Dann macht auch: Rückt Europa näher zu den Menschen

Wegweisend, und wirklich nicht nicht weg weisend, stellten sich die Sozialdemokraten während ihres Parteitages auf, dessen Podium sie nutzten, Martin Schulz als Spitzenkandidaten bei den Europa-Wahlen am 25. Mai 2014 (bei uns in NRW parallel zu den Kommunalwahlen) zu küren.

Wegweisend wäre beispielsweise, die bisherige Austeritätspolitik zu überdenken und sich nicht mehr blind auf deren allheilende Wirkung zu verlassen. Dass „Sparen“ nur noch um seiner selbst betrieben und fast selbstsüchtig in den Dienst derer gestellt wird, die zu den „besserverdienenden“ Ländern in der EU zählen, könnte auch mal eine solidarisch angehauchte Aufhübschung vertragen. Die Bundesrepublik ist nach wie vor ein besonderer Gewinner des Euro und hat seinerzeit maßgeblich zu bestimmten Ausdehnungen seiner Nutznießerzone beigetragen. Und um es deutlich zu sagen, das meiste dessen, wofür Deutschland gegenüber schwachen Euro-Ländern finanziell gerade steht, nutzt eher dem dortigen Schuldendienst gegenüber deutschen Firmen und weniger den Menschen in diesen Ländern (Beispiel: Griechenland).

Es wäre zudem auch durchaus sympatisch, wenn erkennbar würde, das die deutsche Sozialdemokratie als empfindliche Speerspitze eines wuchtigen Widerstandes gegen europaweite Liberalismen aufträte und denen Einhalt geböte, die nach wie vor die Bankenfreiheit über die Lebensqualität der Individuen stellen, oder anonymen Märkten mehr Einfluss auf eine paneuropäische Gesellschaft zubilligen als den Menschen, die diese bilden.

Geradezu cool fände ich es, wenn meine SPD ein lautstarkes und widerstandsfähiges Bollwerk gegen hemmungslose Wirtschaftsinteressen würde und das kompromisslos an einem Beispiel nachwies, indem sie nämlich das Fracking ohne Rücksicht auf ökonomische Interessen bekämpfte.
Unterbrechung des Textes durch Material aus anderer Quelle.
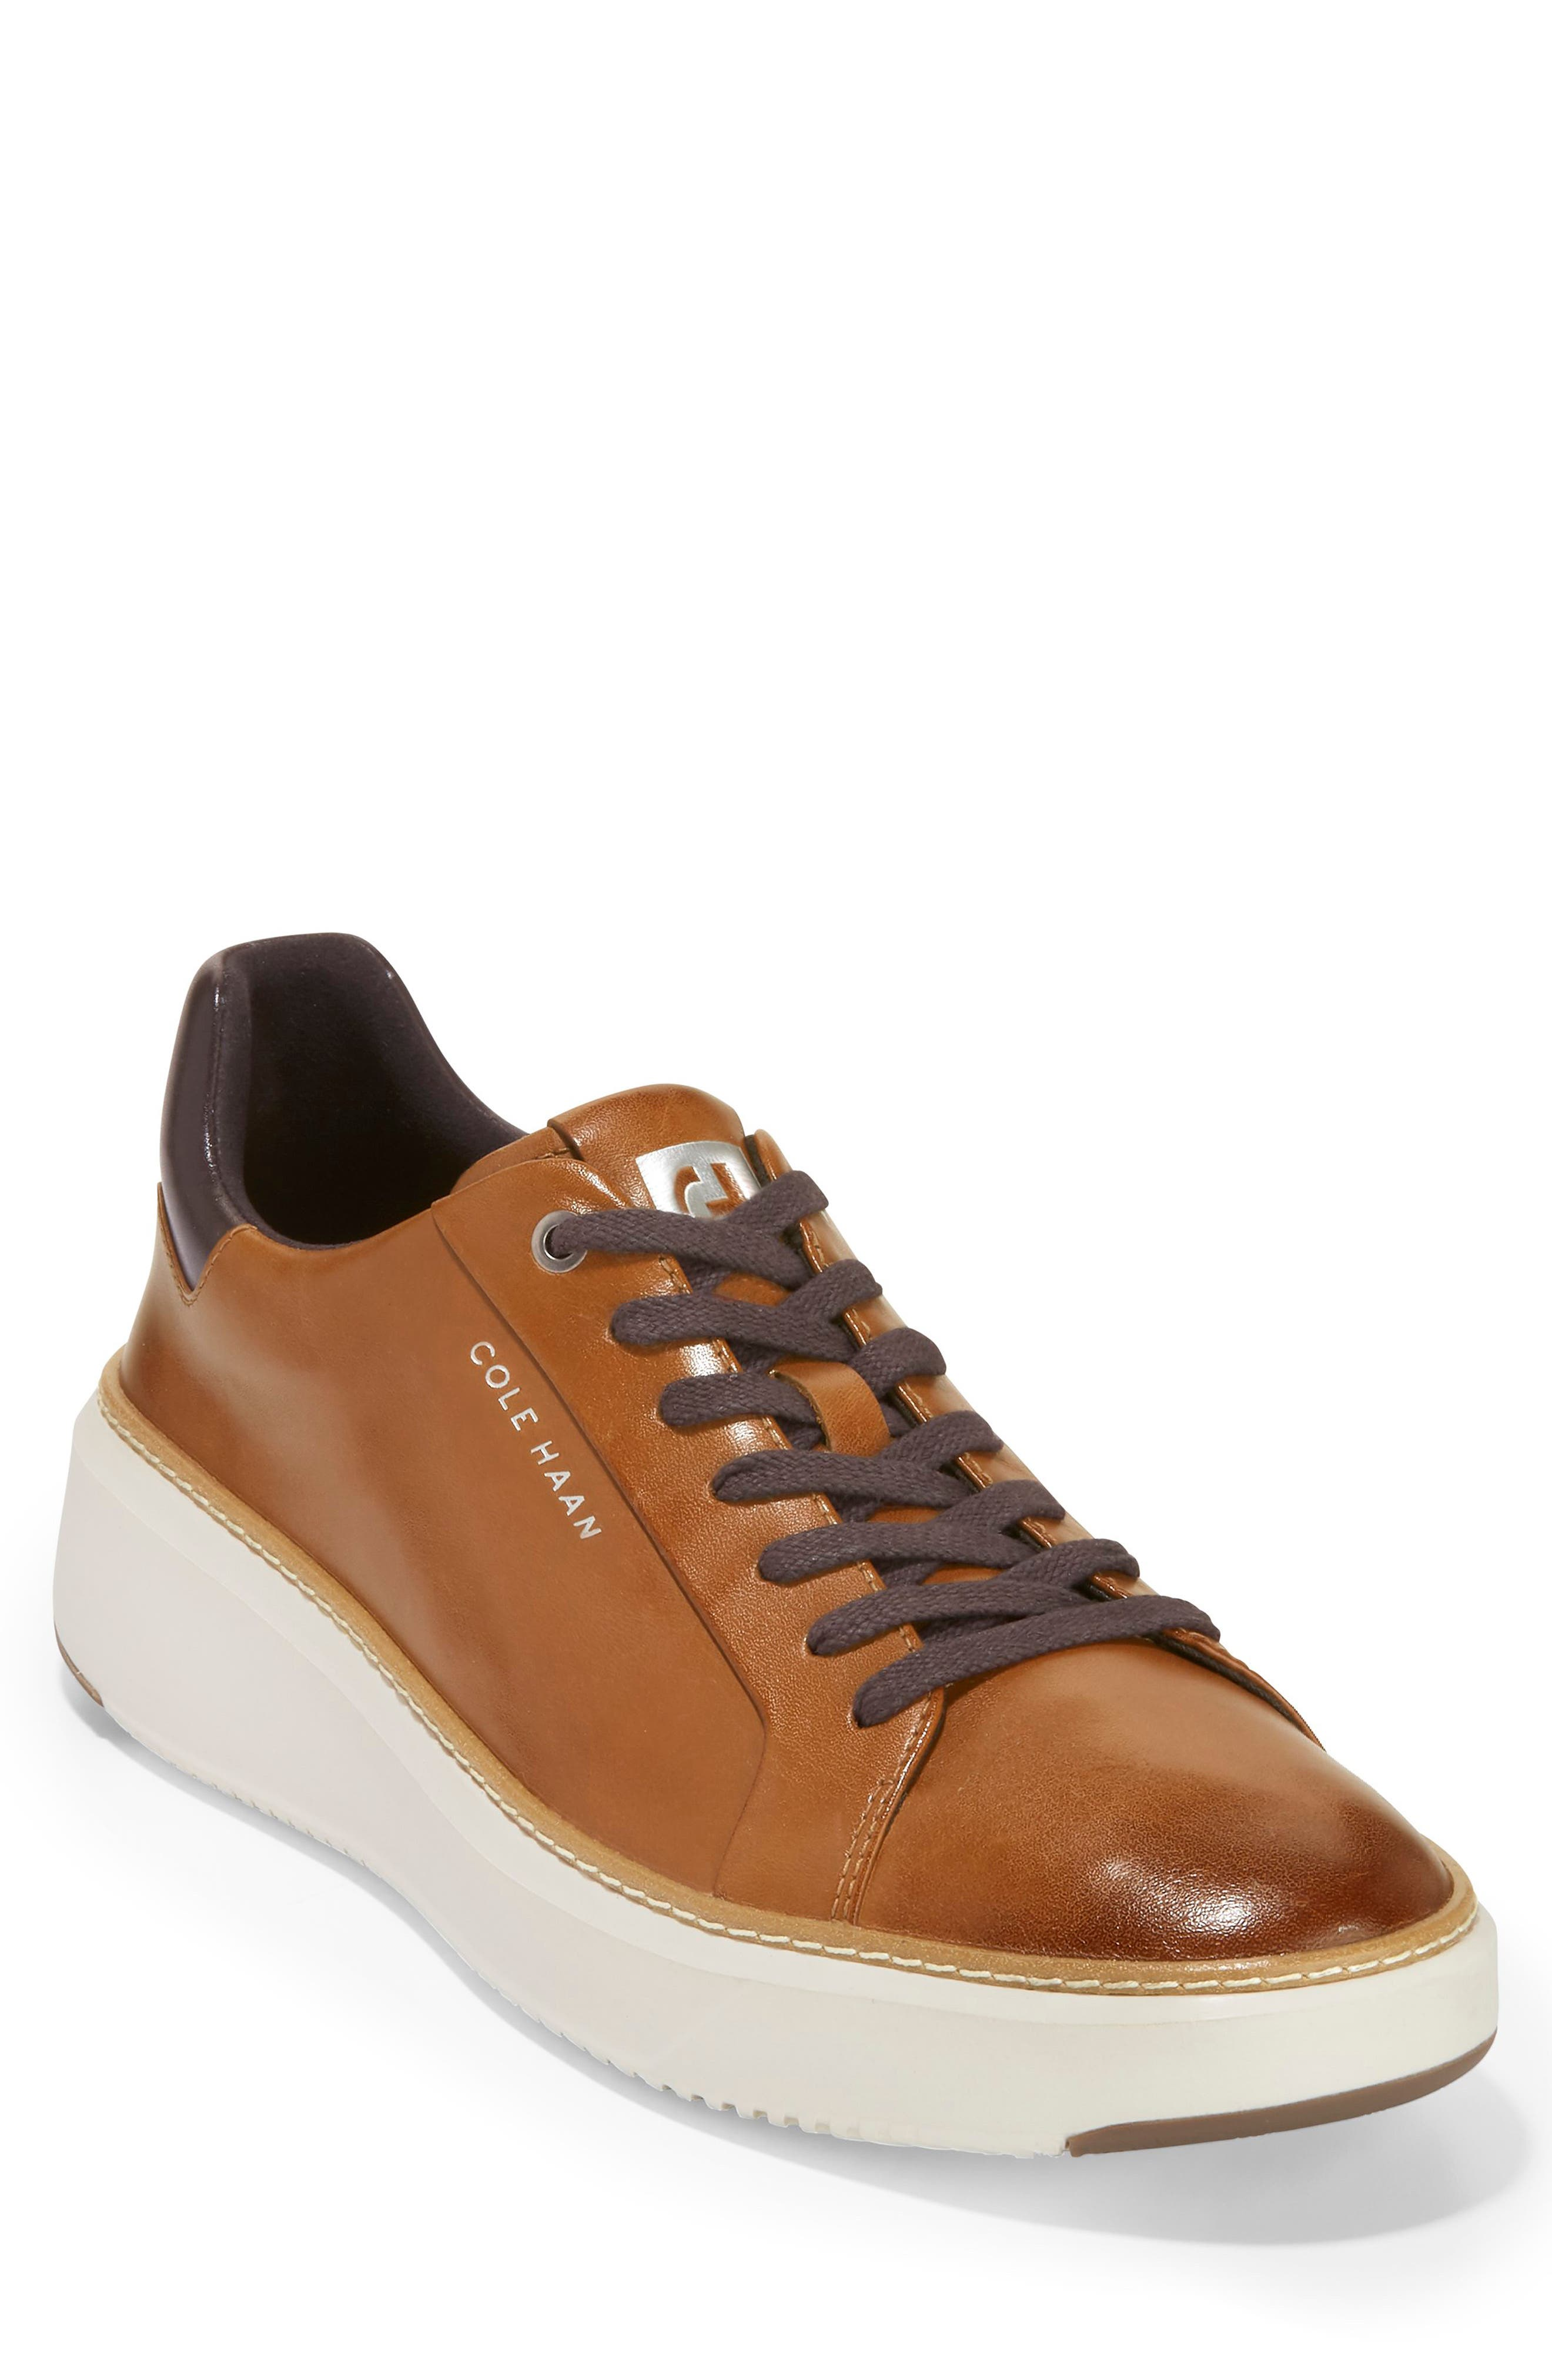 Grandpro Topspin Sneaker

Und sie insgesamt jeder Form des zwar kaum mehr benutzten (weil nachgewiesen nicht mehr alltagstauglichen) „Privat-vor Staat-Gebrabbels“ entgegen träte, wenn es sich gut getarnt entweder wissenschaftlich verbrämt oder in propagandistisch aufgeblähter Notwendigkeits-Camouflage neuerlich zeigt.
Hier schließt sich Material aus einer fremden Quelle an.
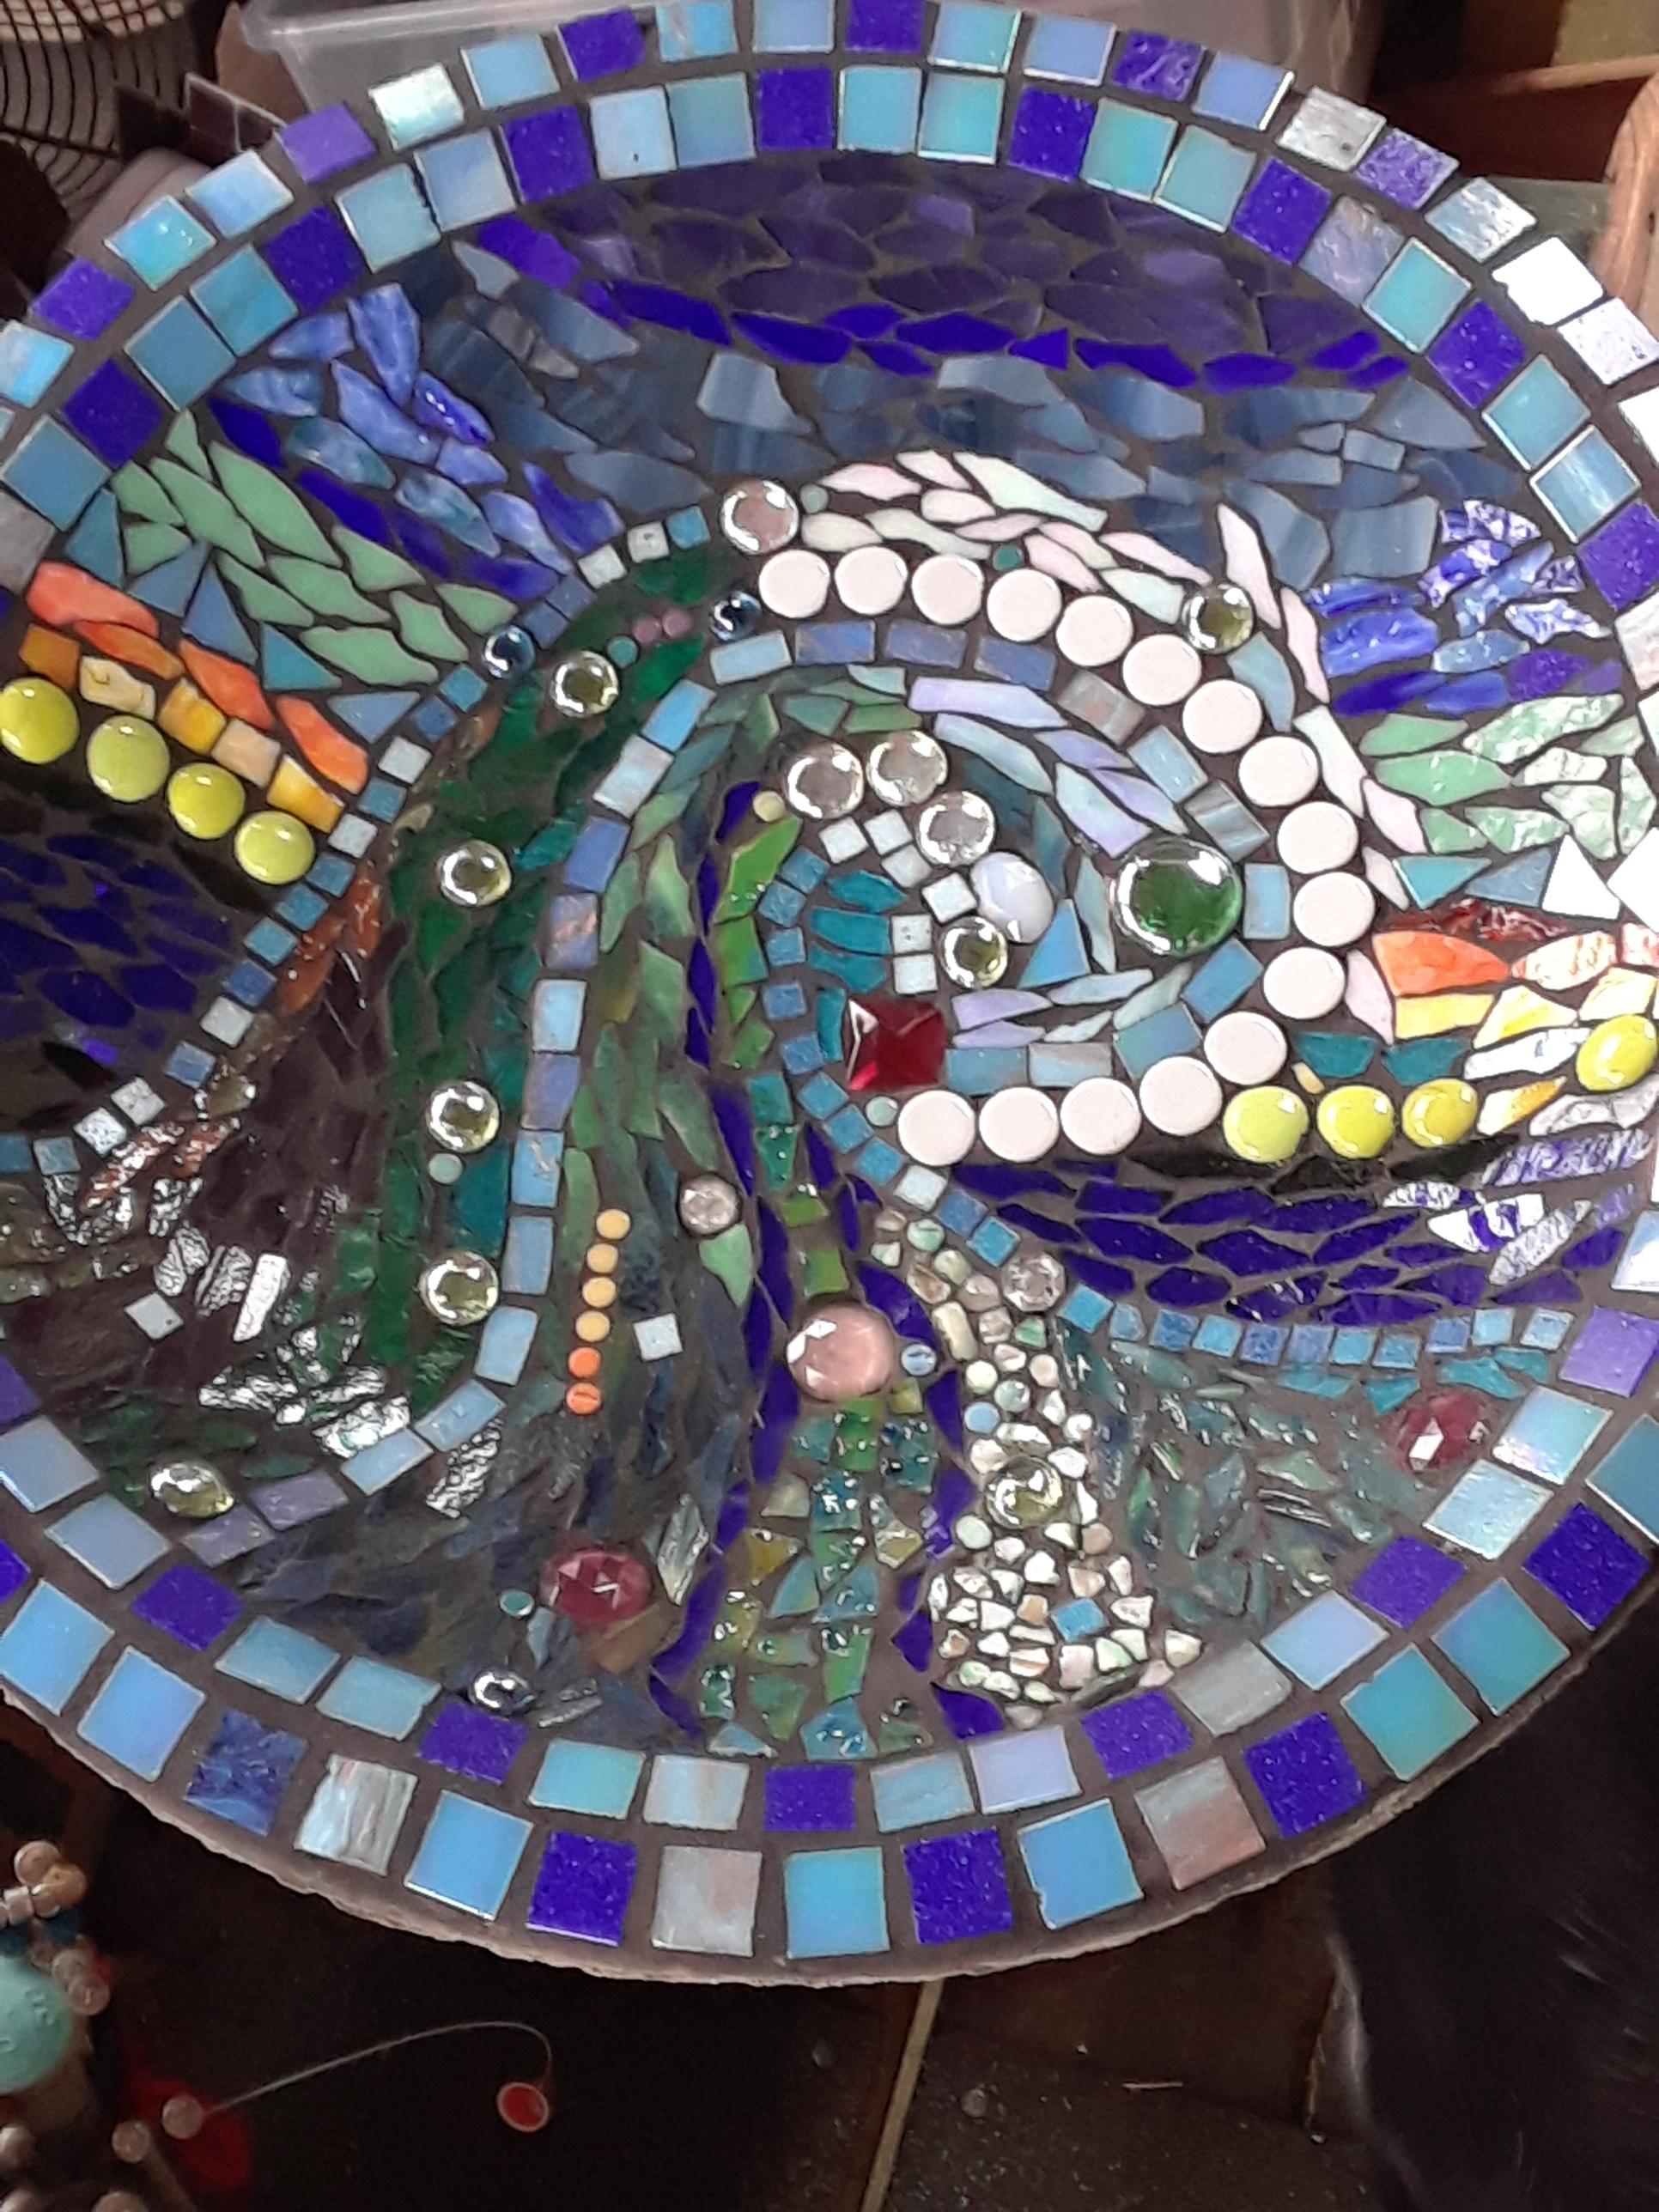 Cheryl Hazen - Salvaged Treasures by Cheryl, Glass

Europa müsse wieder näher an die Menschen rücken, forderte Sigmar Gabriel in Berlin. Da hat er mal so was von Recht. Dann sorgt mal eilends dafür, dass das was wird – und beginnt schon mal mit den Anstrengungen,  bevor neu gewählt wird. Das macht manchem die Wahl sicher leichter.
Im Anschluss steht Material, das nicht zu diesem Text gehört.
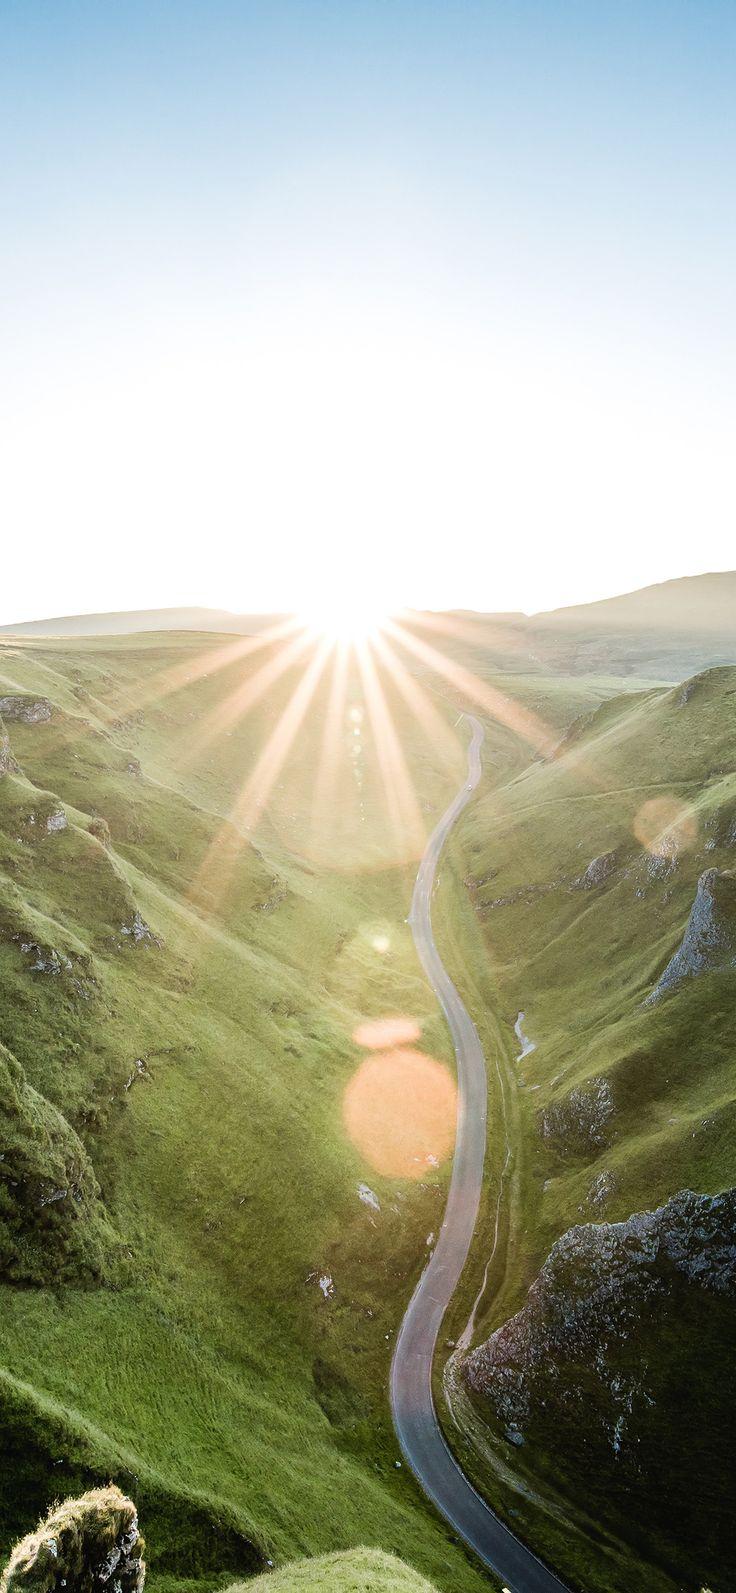 Iphone X Wallpaper Oa14 Mountain Light Sun Nature Via

Bundestagsabgeordneter Oliver Kaczmarek (Mitte), Martin Schulz und Bernhard Rapkay bei einem Besuch in bei der Werkstatt im Kreis Unna.

Bundestagsabgeordneter Oliver Kaczmarek (Mitte), die Europaabgeordneten Martin Schulz und Bernhard Rapkay bei einem Besuch in bei der Werkstatt im Kreis Unna.

2 comments for “Dann macht auch: Rückt Europa näher zu den Menschen

  1. 27. Januar 2014 at 21:57

    …KEIN Kommentar, habe ich nach einer langen gedachten Gegenrede gerade beschlossen. Außer, dass ich mich zu diesem Artikel widerlich finde!

    • 27. Januar 2014 at 22:06

      …und das könnte jetzt missverständlich sein, ich meine nicht die Intentionen des Redakteurs R.B. sondern die Europapolitik der verantwortlichen „Sozialdemokraten“.